A pair of security researchers who revealed a security issue for the Tesla Model 3 at the annual Pwn2Own hacking event were able to win the electric vehicle as their prize.
This is the first time that an automaker participated in Pwn2Own, which is run by Trend Micro’s Zero Day Initiative and is in its 12th year. Tesla made the Model 3 available to hackers in the competition to look for vulnerabilities in the electric vehicle’s system.
Team Fluoroacetate, Richard Zhu and Amat Cam, took the challenge. On the final day of Pwn2Own, the duo entered the Tesla Model 3, and after a few minutes, they were able to hack the electric vehicle’s internet browser. They were able to display a message through a JIT, or just-in-time, bug that bypasses memory randomization data which is supposed to protect secrets.
For their efforts, Zhu and Cam not only took home a prize of $35,000, but according to the competition’s rules, they also won the Model 3 that they successfully hacked. The pair were crowned as the Master of Pwn for 2019, as they won $375,000 out of the $545,000 awarded in this year’s Pwn2Own.
The companies that participated in Pwn2Own have received the details of the bugs that were exposed in the event, and are given 90 days to release security patches to fix the vulnerabilities. Tesla, for one, is happy with what transpired.
“We entered Model 3 into the world-renowned Pwn2Own competition in order to engage with the most talented members of the security research community, with the goal of soliciting this exact type of feedback,” Tesla said in a statement, adding that the software update to fix the bug that was identified by Team Fluoroacetate will be rolled out in the coming days.
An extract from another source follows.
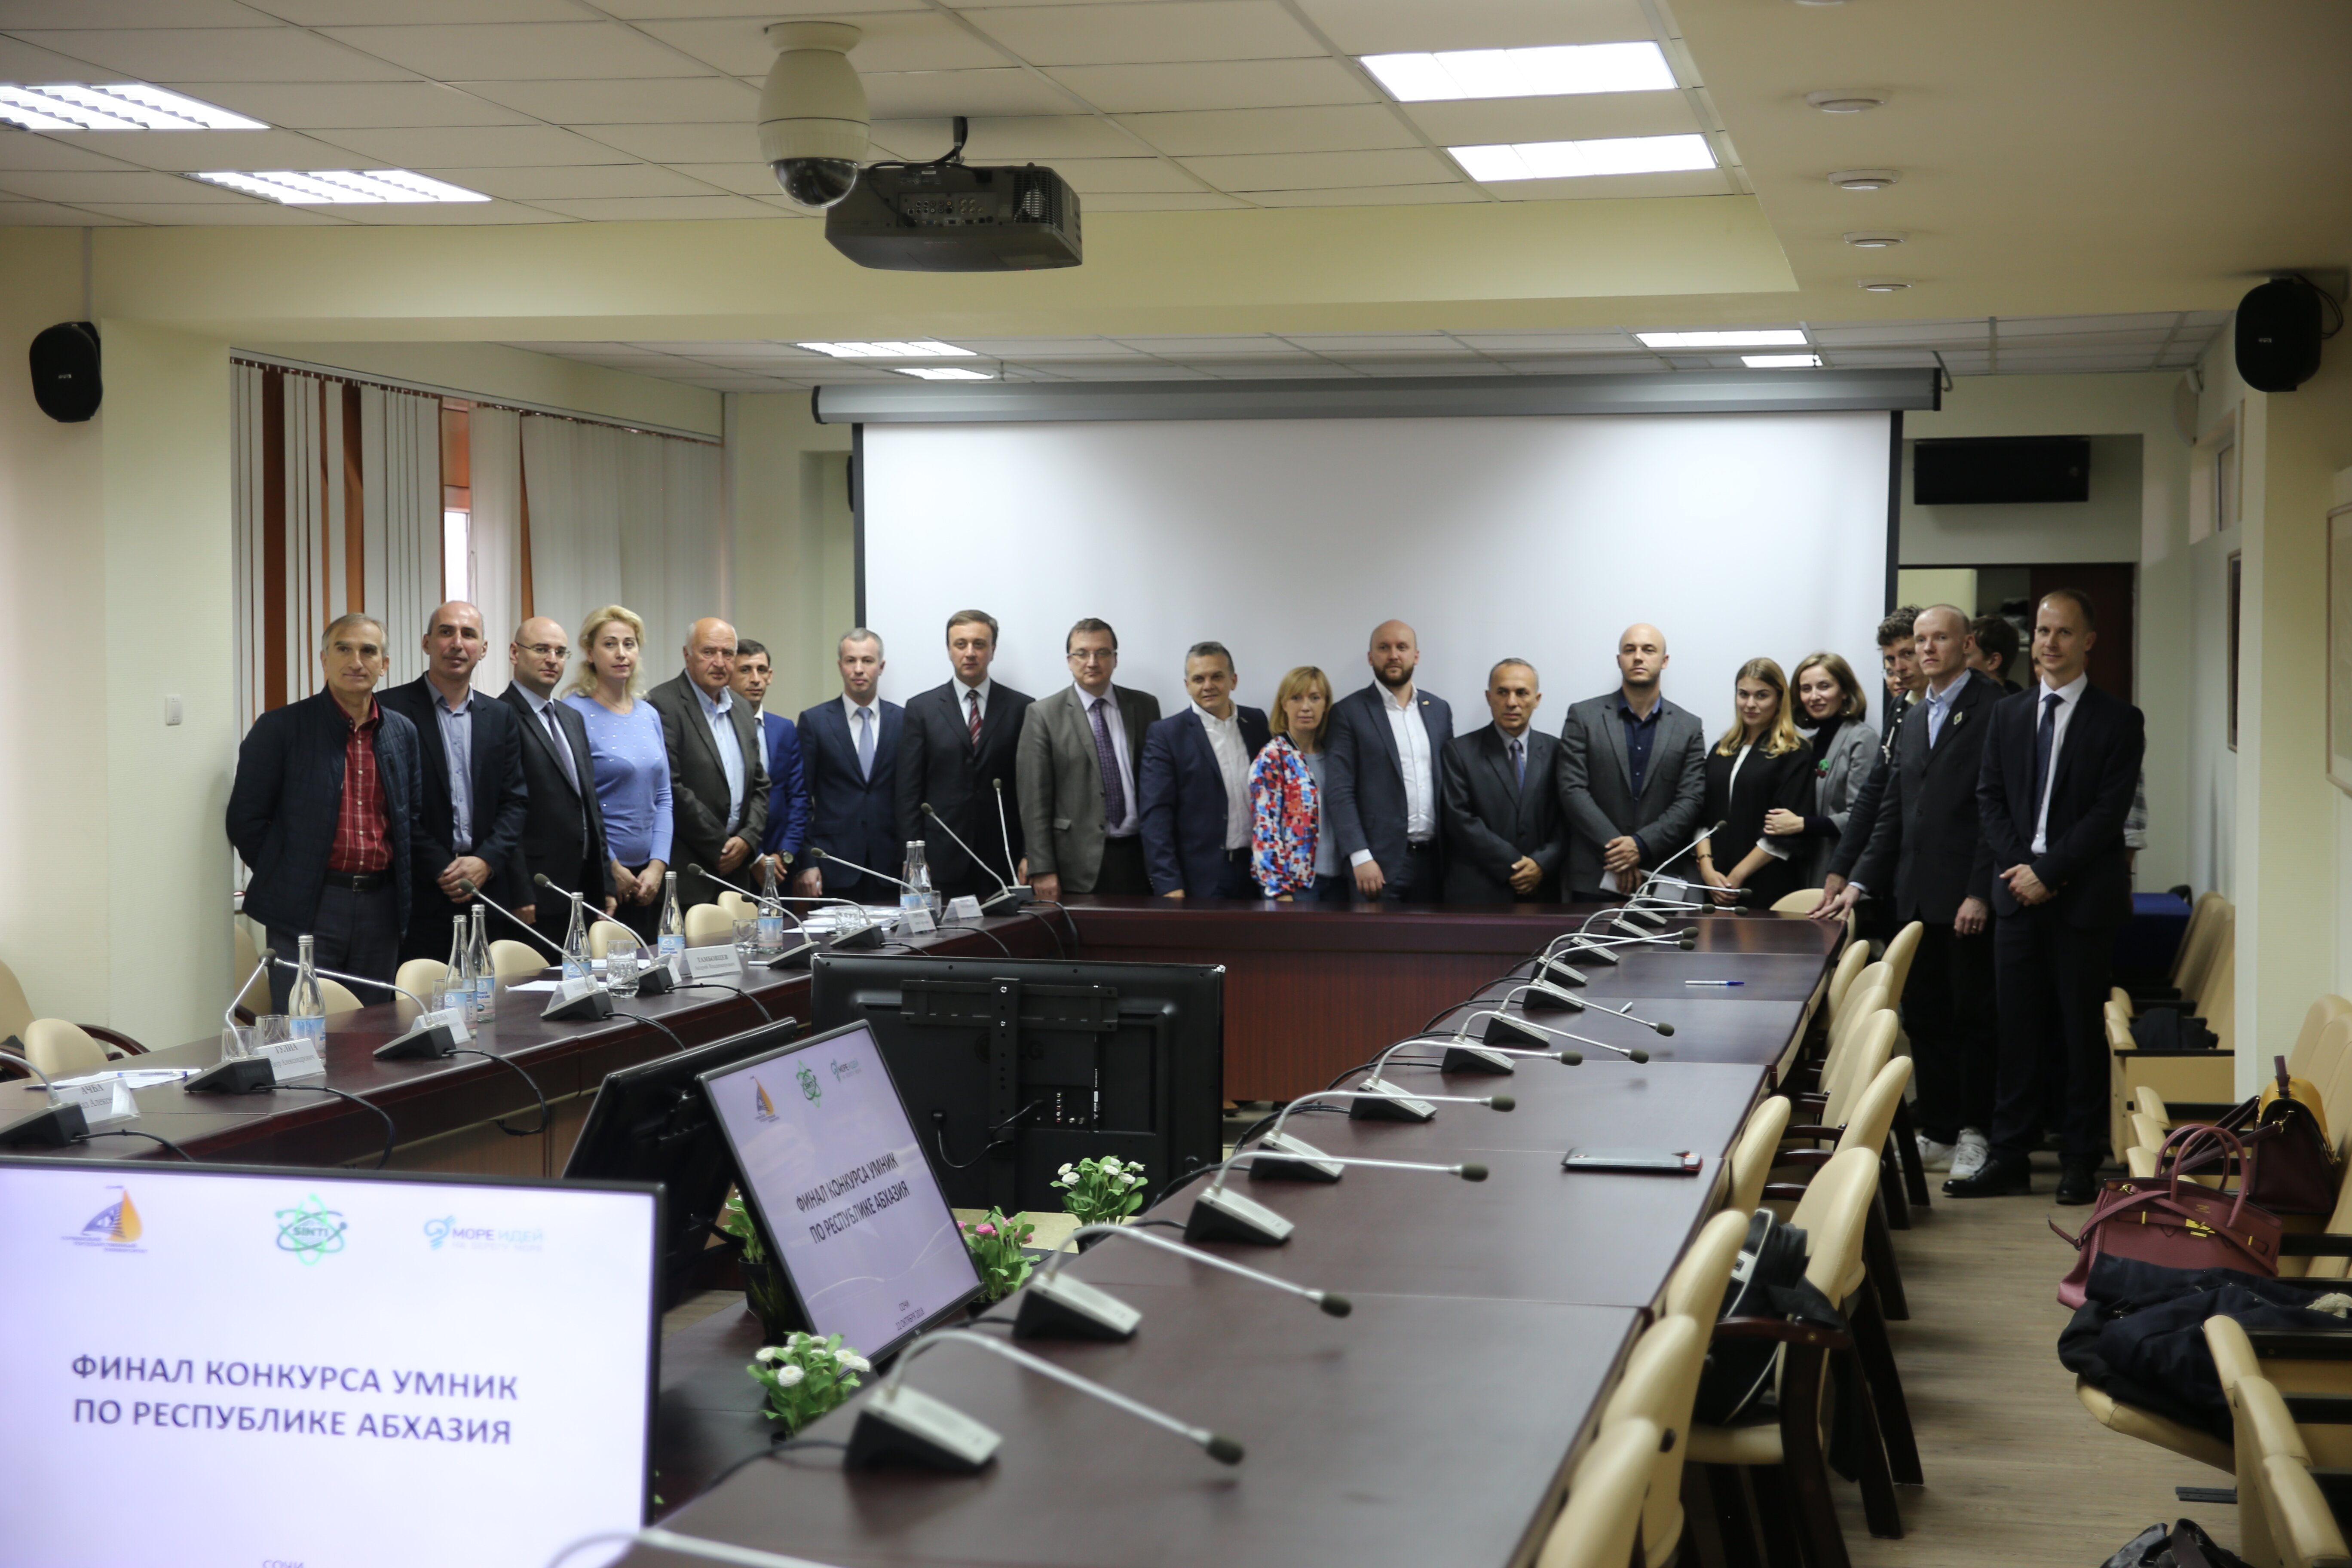 مشاركة غرفة تجارة وصناعة جمهورية أبخازيا في مسابقة " أمنيك " التي عقدتها المؤسسة الخاصة بمساعدة الابتكارات.

Tesla has offered a bug bounty program for its electric vehicles over the past four years, and according to sources familiar with the matter, hundreds of thousands of dollars have been given as rewards to security researchers who have reported vulnerabilities, Electrek reported. Team Fluoroacetate is just one of many teams and individuals who are helping keep Tesla’s electric vehicles safe by sniffing out the bugs before hackers get to exploit them for criminal activities.